RAW DATA:
______

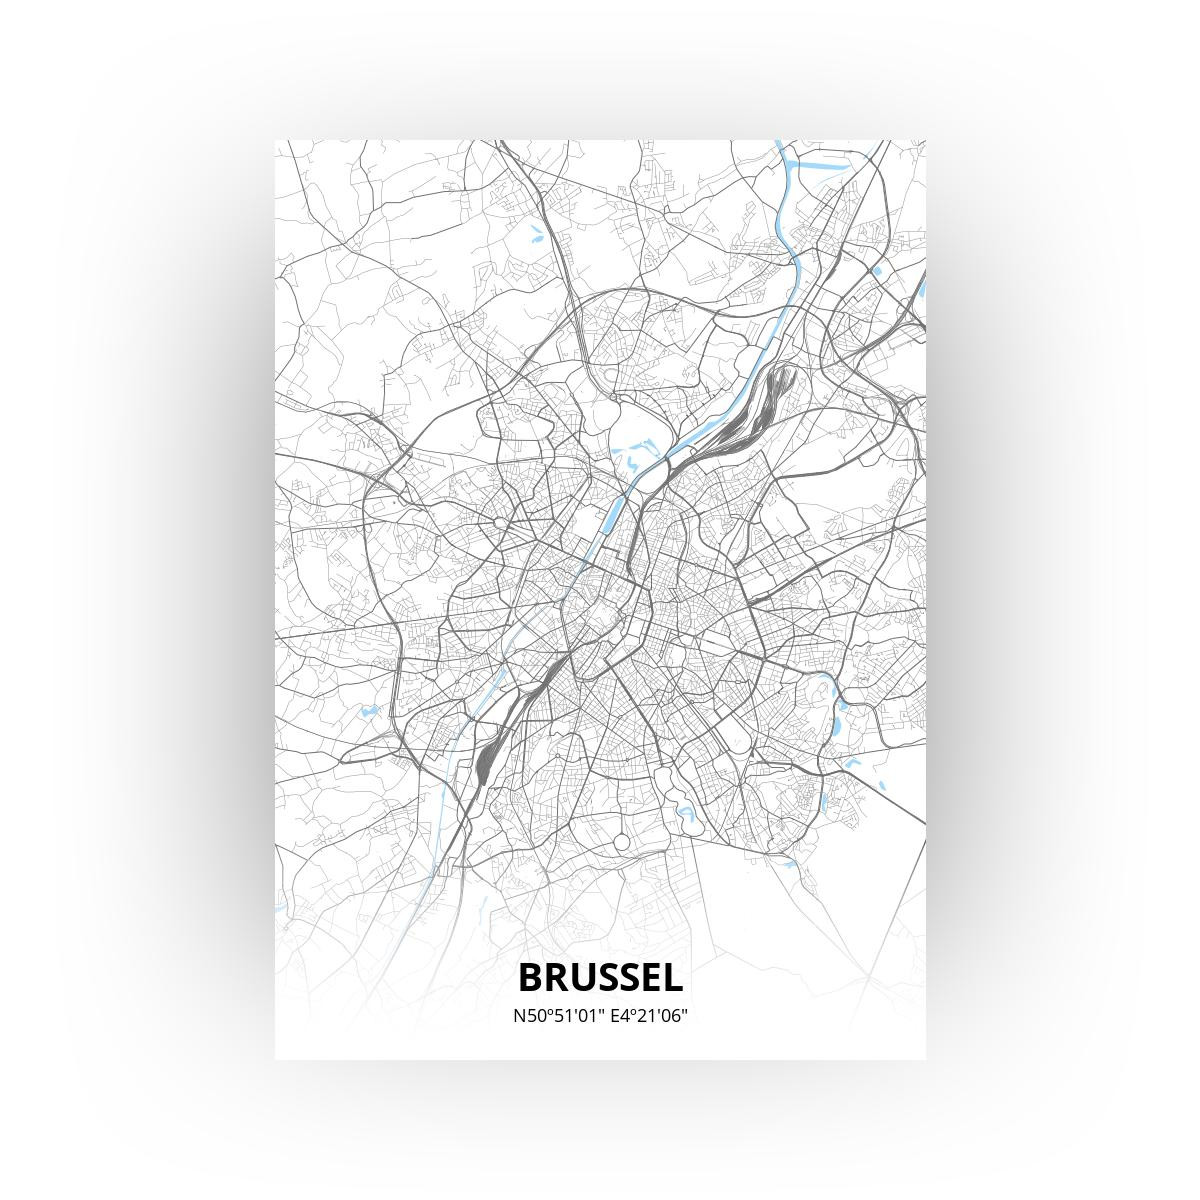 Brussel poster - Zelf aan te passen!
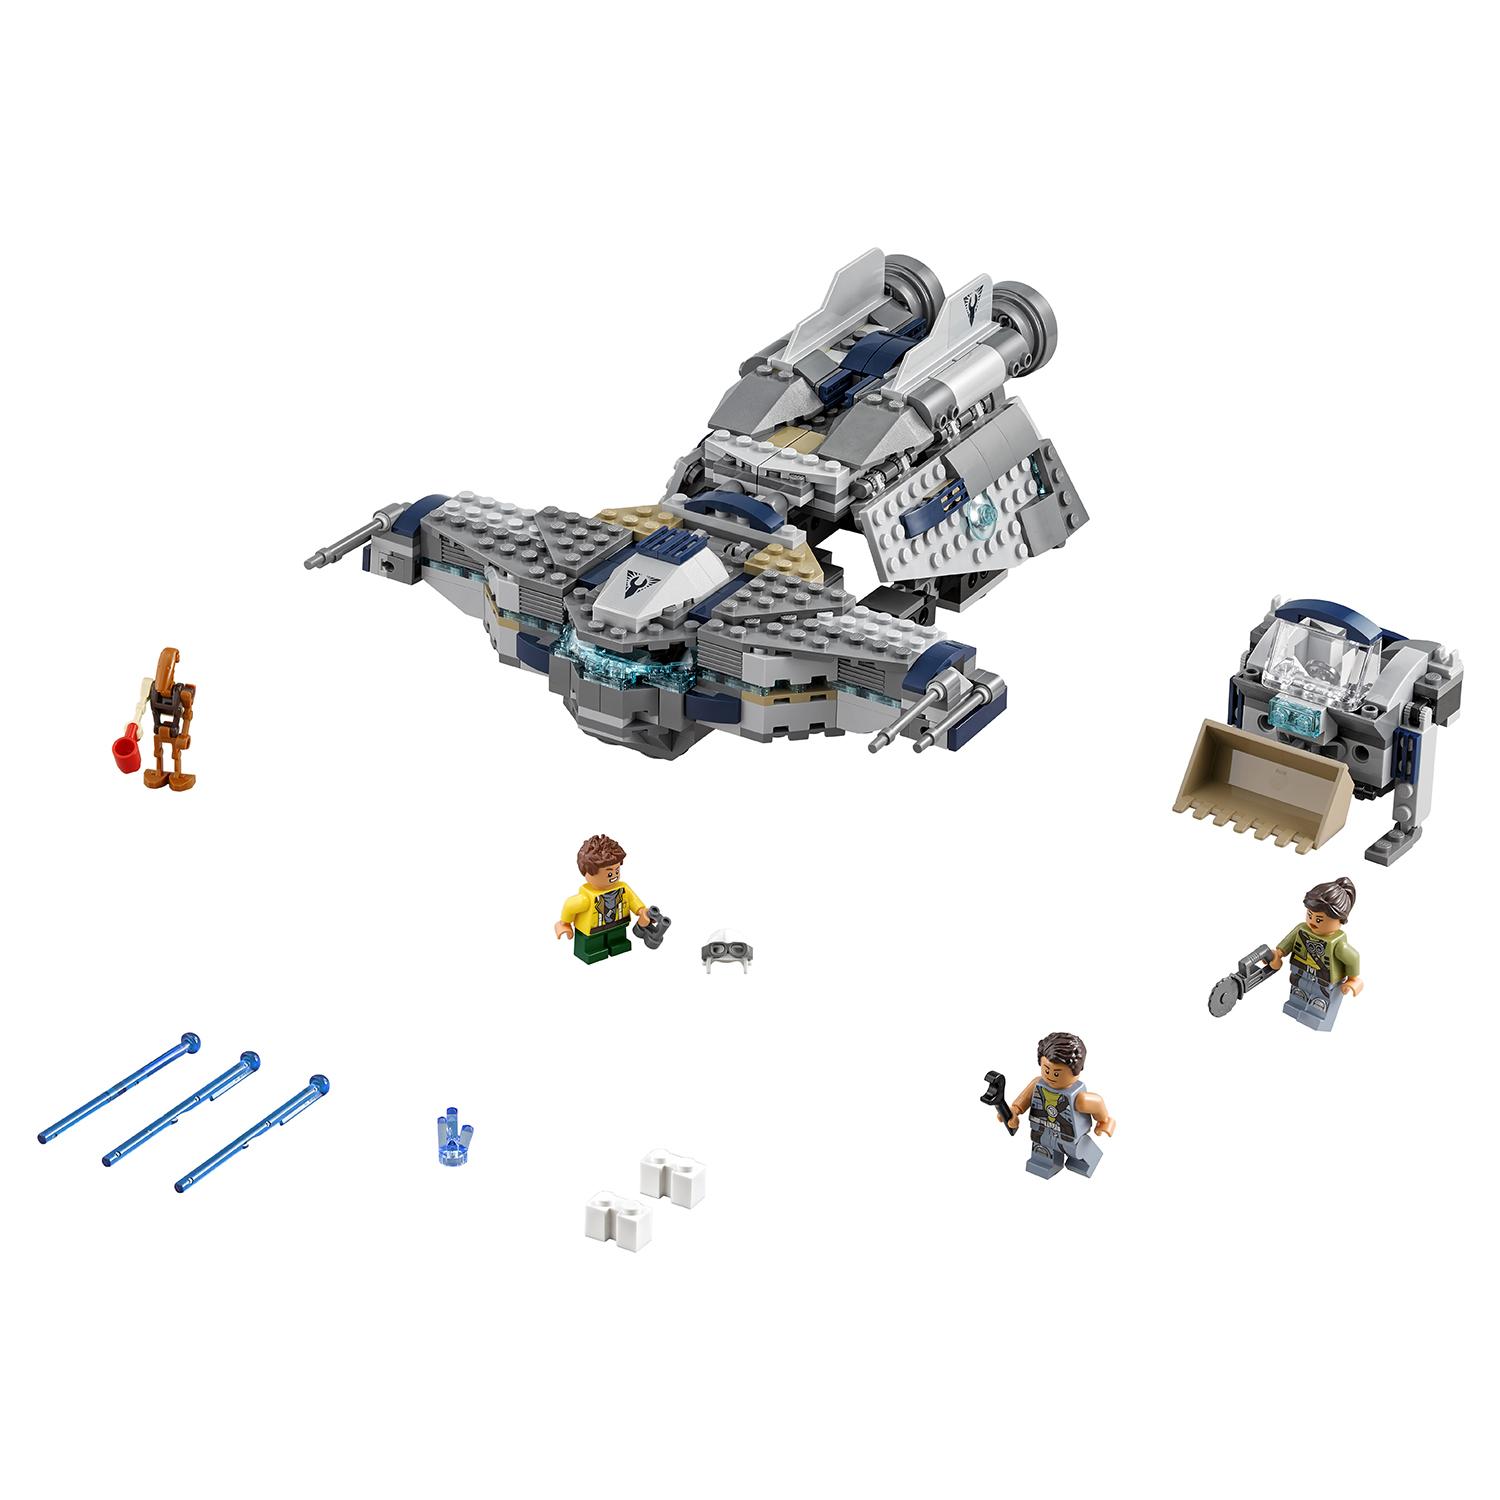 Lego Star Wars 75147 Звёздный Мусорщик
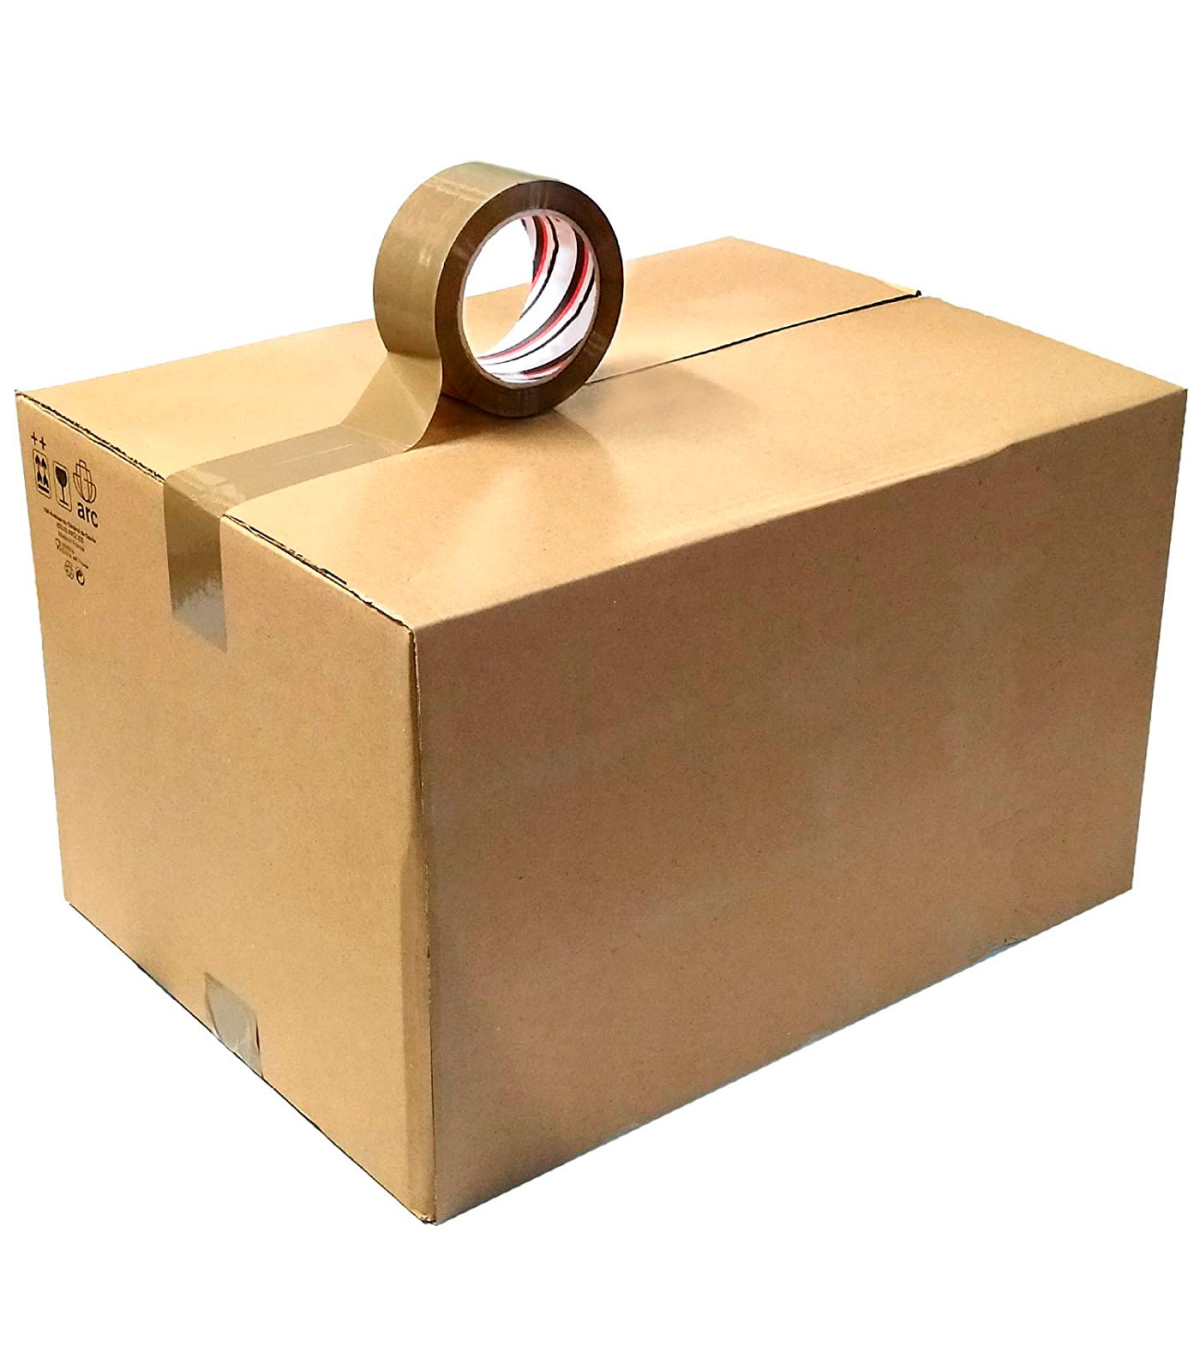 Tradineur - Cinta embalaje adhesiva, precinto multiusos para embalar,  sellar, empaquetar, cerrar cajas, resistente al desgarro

______

Each line above should be printed again exactly, though the pictures should not be.

 Brussel poster - Zelf aan te passen!
 Lego Star Wars 75147 Звёздный Мусорщик
 Tradineur - Cinta embalaje adhesiva, precinto multiusos para embalar,  sellar, empaquetar, cerrar cajas, resistente al desgarro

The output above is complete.